LockBitランサムウェア操作にリンクされたRoyal Mailサイバー攻撃

英国最大のメール配信サービスである Royal Mail に対するサイバー攻撃は、LockBit ランサムウェアの操作に関連付けられています。

昨日、Royal Mail は、国際配送サービスの停止を余儀なくされたサイバー事件に見舞われたことを明らかにしました。

「Royal Mail は、サイバー インシデントに続いて、国際輸出サービスに深刻なサービス中断が発生しています」と、Royal Mail はサービス アップデートで明らかにしました。

Royal Mail はサイバー攻撃の詳細を明らかにしていませんが、外部のサイバーセキュリティの専門家と協力しており、英国の規制当局と法執行機関に通知したと述べています。

攻撃で使用された LockBit ランサムウェア エンクリプタ

The Telegraphが最初に報告したように、Royal Mail への攻撃は、LockBit 操作によるランサムウェア攻撃であることが確認されました。

The Telegraph は、ランサムウェアが国際配送に使用されるデバイスを暗号化し、通関書類に使用されるプリンターに身代金メモを印刷させたと報告しています。

印刷された身代金メモの編集されていないバージョンを確認したところ、LockBit ランサムウェア操作のための Tor Web サイトが含まれていることが確認できました。

身代金メモには、「LockBit Black Ransomware」によって作成されたことが記載されています。これは、現在閉鎖されている BlackMatter ランサムウェア ギャングのコードと機能が含まれているため、この操作の最新の暗号化ツール名です。

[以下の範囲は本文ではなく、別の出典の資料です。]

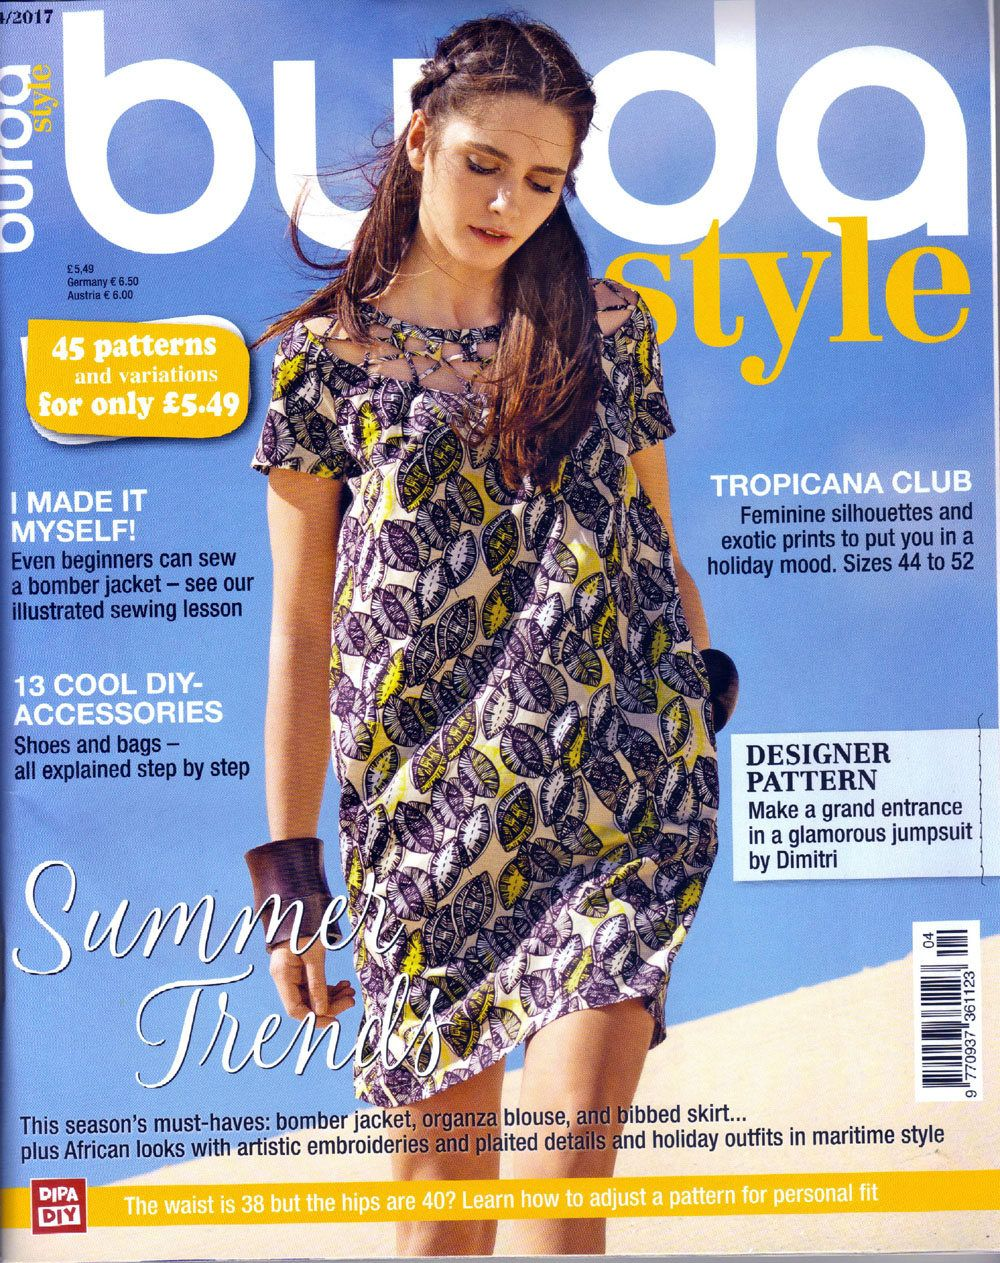 Burda style magazine 42017 english sewing patterns by burda style magazine 42017 english sewing patterns by honeyjamsuniques on etsy jeuxipadfo Image collections

このメモには、攻撃者とチャットするためにログインするために必要な「復号化 ID」を含む、LockBit ランサムウェア操作の Tor データ漏洩サイトおよび交渉サイトへの複数のリンクも含まれています。

しかし、複数のセキュリティ研究者から、この「復号化 ID」は機能しないと言われています。

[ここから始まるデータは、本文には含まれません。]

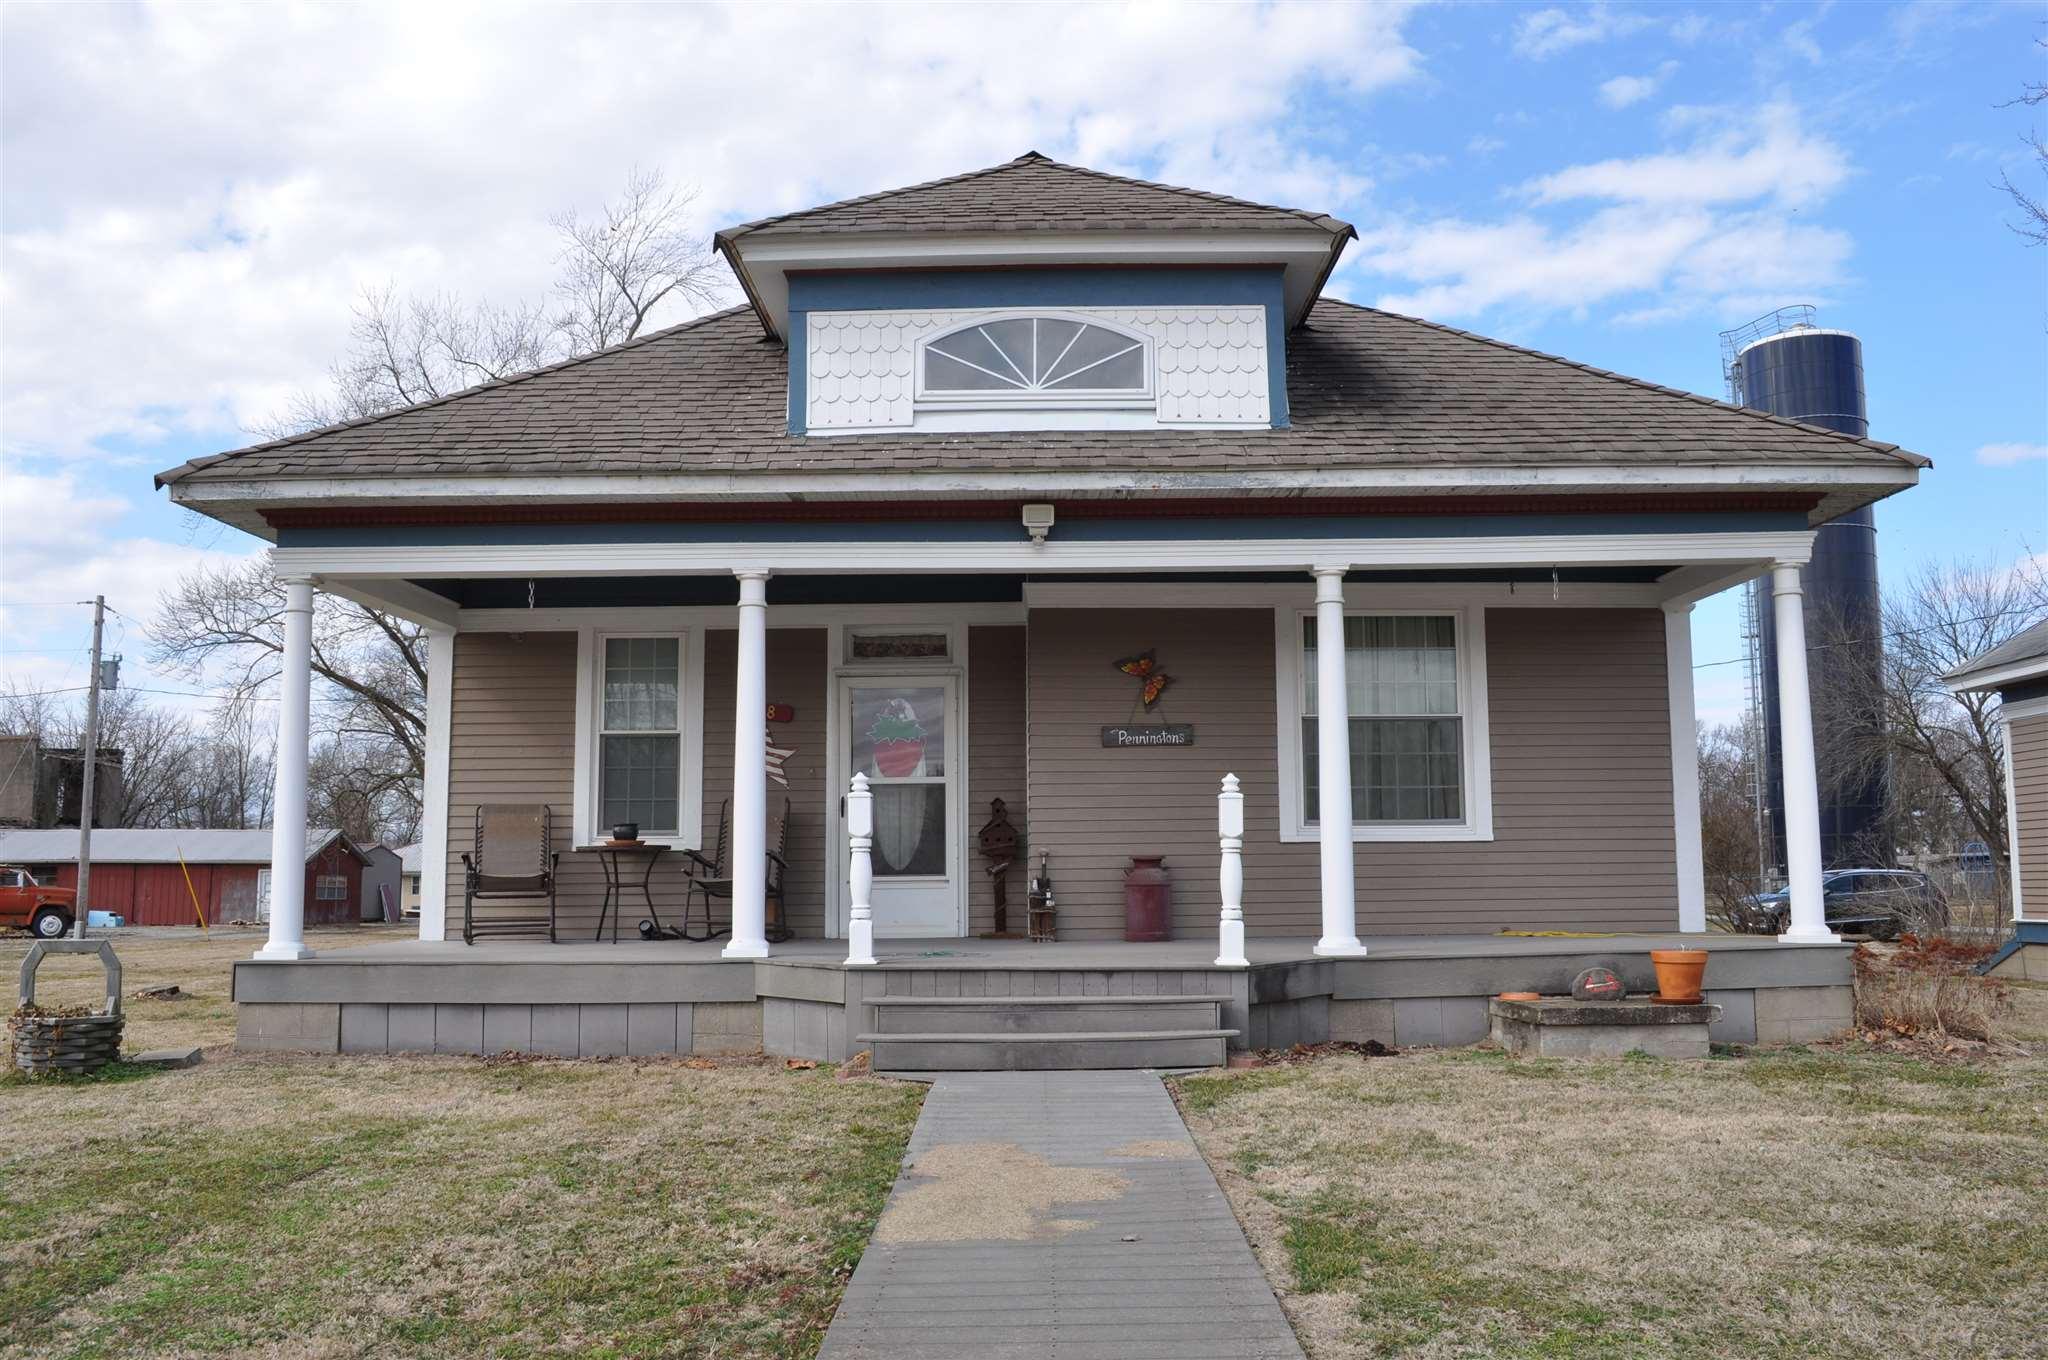 118 N WASHINGTON Property Photo - Geff, IL real estate listing

ランサムウェア ギャングが、身代金メモが広まっているというニュースの後で ID を削除したのか、それとも研究者やジャーナリストによる精査を避けるために交渉を新しい ID に移したのかは不明です。

ランサムウェア オペレーションの公開担当者である LockBitSupport に連絡したところ、彼らは Royal Mail を攻撃しておらず、漏洩したビルダーを使用している他の脅威アクターのせいであるとのことでした。

9 月には、 LockBit 3.0 ランサムウェア ビルダーが Twitter で流出しました。これにより、他の攻撃者が LockBit の暗号化機能に基づいてランサムウェア操作を開始できるようになりました。

LockBitSupp の説明では、Royal Mail の身代金メモに LockBit の Tor ネゴシエーション サイトやデータ リーク サイトへのリンクが含まれていた理由が説明されていません。

ただし、LockBitSupp が真実を語り、他の攻撃者がリークされたビルダーを攻撃に使用した場合、実際の攻撃者に連絡する方法がないため、これは個人的な利益のためではなく、破壊的な攻撃である可能性が高いことを意味します。